Come impatto generale, sicuramente la legge contribuirà a fare un po’ di pulizia. Cioè, dovremo trovare un giusto equilibrio tra la necessità di mantenere realtà frutto dell’iniziativa dei privati, perché ciò è garantito per scelta costituzionale, e la necessità di strutturare alcuni meccanismi interni di funzionamento.
Parlando chiaramente, se una associazione o fondazione svolge servizi per nome e per conto anche degli enti pubblici, come le Asl, sarà bene avere nei consigli di amministrazione qualcuno che possa sostenere il ruolo. Ritengo che, di per sé, il fatto di essere volontari non assolva automaticamente ad un compito di responsabilità in certi casi molto gravoso. Quindi, senza ipocrisia, dovremo individuare negli statuti degli enti, laddove sia compatibile con le risorse, qualche forma di indennizzo o compenso per l’impegno volontario, perché non possiamo pensare di avere sul mercato dei servizi sociosanitari, dandone in mano la gestione a persone che mettono a disposizione solo il tempo del volontariato. Mi sembrerebbe una conquista di civiltà. Oppure, come provocazione, l’alternativa sarebbe quella di dare in mano tutti i consigli di amministrazione delle non profit ad amministratori delegati. Ma non sembra sia questa la volontà. Quindi, ritengo che l’impatto generale sarà positivo poiché porterà, compatibilmente con le finalità sociali, ad una responsabilizzazione e ad una professionalizzazione crescenti. Dall’altro lato, avanza l’obbligo di rivedere negli statuti regole di funzionamento interno che sono spesso lasciate alla discrezione. Mantenendo fermo tutto ciò che si può fare per evitare di gravare eccessivamente su chi si impegna per volontariato, c’è comunque la necessità di avere un minimo di organizzazione e di strutturazione, soprattutto quando queste realtà sono affidatarie di servizi da parte dell’ente pubblico.

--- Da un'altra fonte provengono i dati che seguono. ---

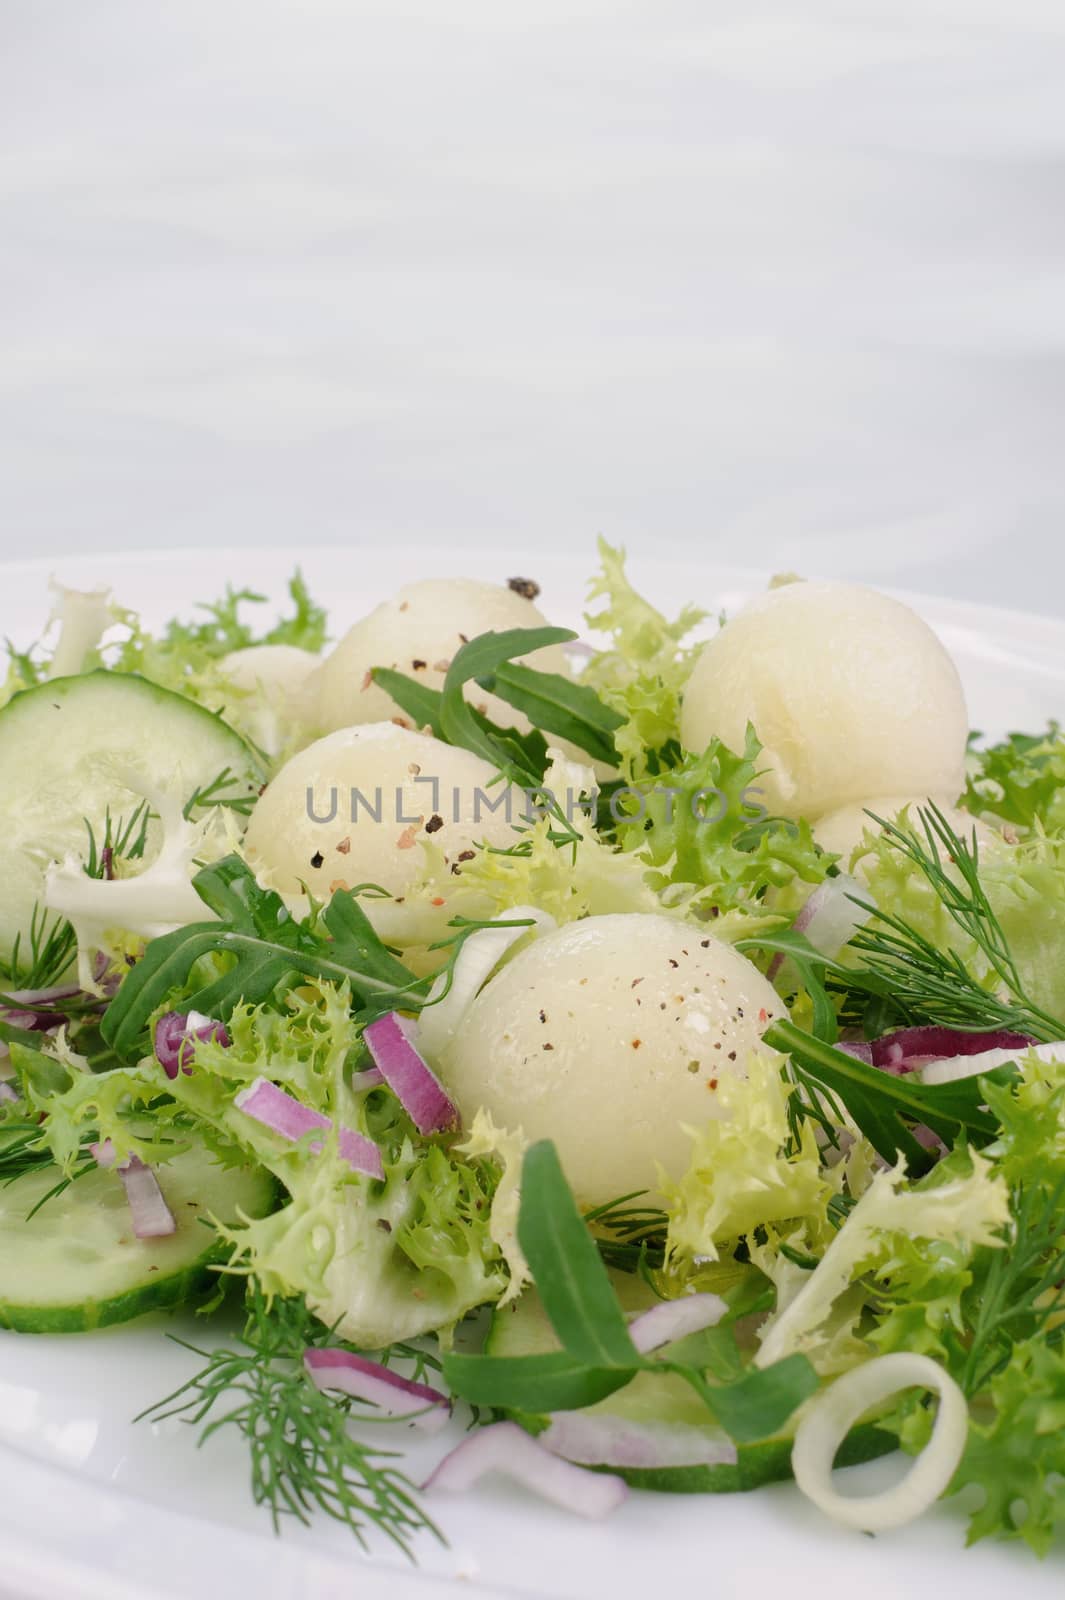 Arugula salad with cucumber with melon balls

Quali elementi relativi all’organizzazione e all’amministrazione possono essere utili da normare?
Manca un aspetto fondamentale nella norma. Gran parte dello sviluppo e della presenza degli enti non profit, intendendo quelli che domani potrebbero diventare impresa sociale, deriva dal fatto che essi svolgono attività anche per nome e per conto degli enti pubblici. Pensiamo alle numerose convenzioni in atto con fondazioni e associazioni per la gestione dei servizi sociosanitari pubblici. Questa norma, forse volontariamente (perché nel frattempo è stato approvato il nuovo codice sugli appalti), non fa menzione alcuna o pochissima rispetto al tema del rapporto tra pubblico e privato sociale, dove si gioca una grandissima fetta delle possibilità per questi enti di agire. Ma noi abbiamo, da un lato, il tema europeo con il principio di concorrenza, per il quale le associazioni di volontariato oggi, anche nel nostro ordinamento, vengono legittimate a partecipare alle gare di appalto; dall’altro, una legge 266 del 1991 che non aveva certo previsto questo tipo di meccanismo. Se nel frattempo il mondo è cambiato, sarà bene nei decreti legislativi mettere mano a questo aspetto. D’altronde, bisogna sempre ricordarsi che questi enti svolgono servizi di interesse generale.